The IRS has a message for retirees: make sure you’re paying enough federal income tax. The Tax Cuts and Jobs Act of last December changed the income tax calculations for most filers, and employees aren’t the only ones who need to double check they’re withholding the right amount.
The GOP tax bill lowered the top individual rate to 37% from 39.6%, and the income brackets dropped slightly -– by about 3%, says Chris Baker, a certified financial planner at Oaktree Financial Advisors in Carmel, Indiana. This means that on average most retirees will likely see a decrease in tax liability and owe slightly less, although it varies by individual circumstances, he says.
Retirees who receive monthly pension income or annuity checks may well need to increase or lower the amount of taxes they pay. While most retirees prefer withholding taxes from each paycheck to give Uncle Sam his due, those who choose to receive the full amount in each check and then make estimated payments to the IRS must do so four times a year by the quarterly deadlines. The third quarter deadline was Sept. 17, and the next is Jan. 15, 2019.
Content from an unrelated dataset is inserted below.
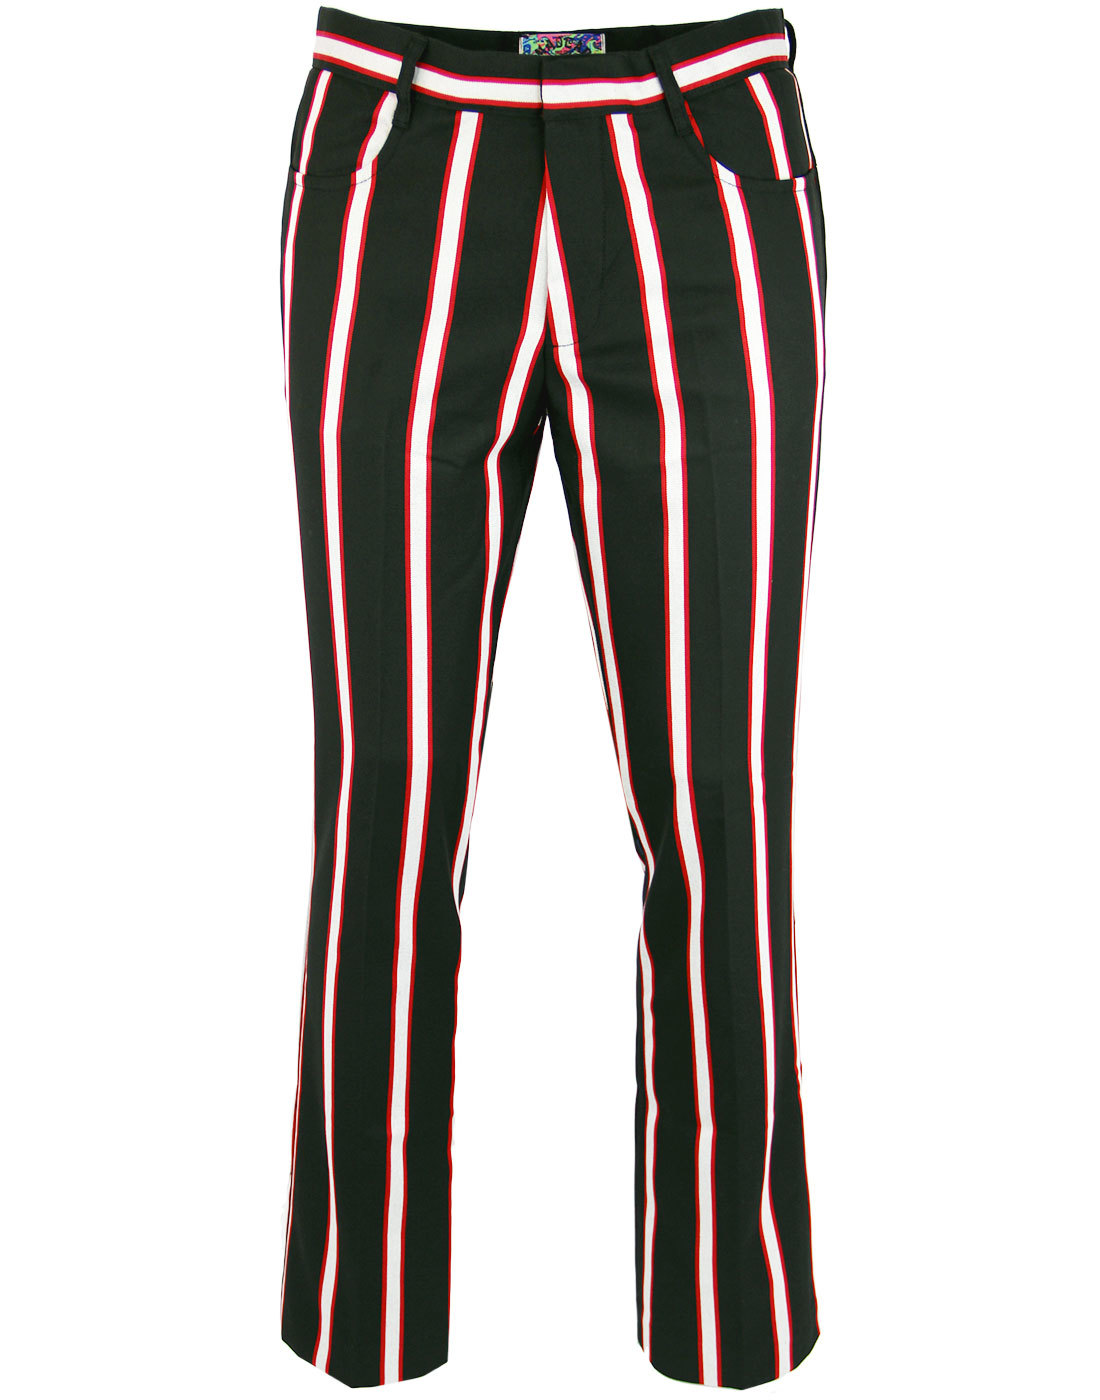 black trousers with white stripe mens

Withholding too much from each check could result in an outsized refund, while withholding too little could mean you owe the IRS next spring. “Make sure you don’t have a large balance due, because it’s possible you could be penalized for underpaying your estimated tax,” says April Walker, lead manager for tax practice and ethics at the American Institute of CPAs.
The easiest way to simplify your tax payments and get back to enjoying retirement is to use the IRS’ online withholding calculator, which incorporates the new tax law rule changes. Like employees who receive wages, retirees can use this tool to estimate their total income, deductions, and tax credits for 2018.
Retirees should treat their pension or annuity checks like income from a job by entering the payment amounts and how often they receive them. Based on this information, the calculator recommends the number of allowances each recipient should claim. You can change your withholding at any time by contacting your payer and submitting a new W-4P form.
Make sure to factor Social Security into your expected retirement income, Baker says. New retirees with mixed sources of income that differ from last year may need additional help from a CPA or tax advisor.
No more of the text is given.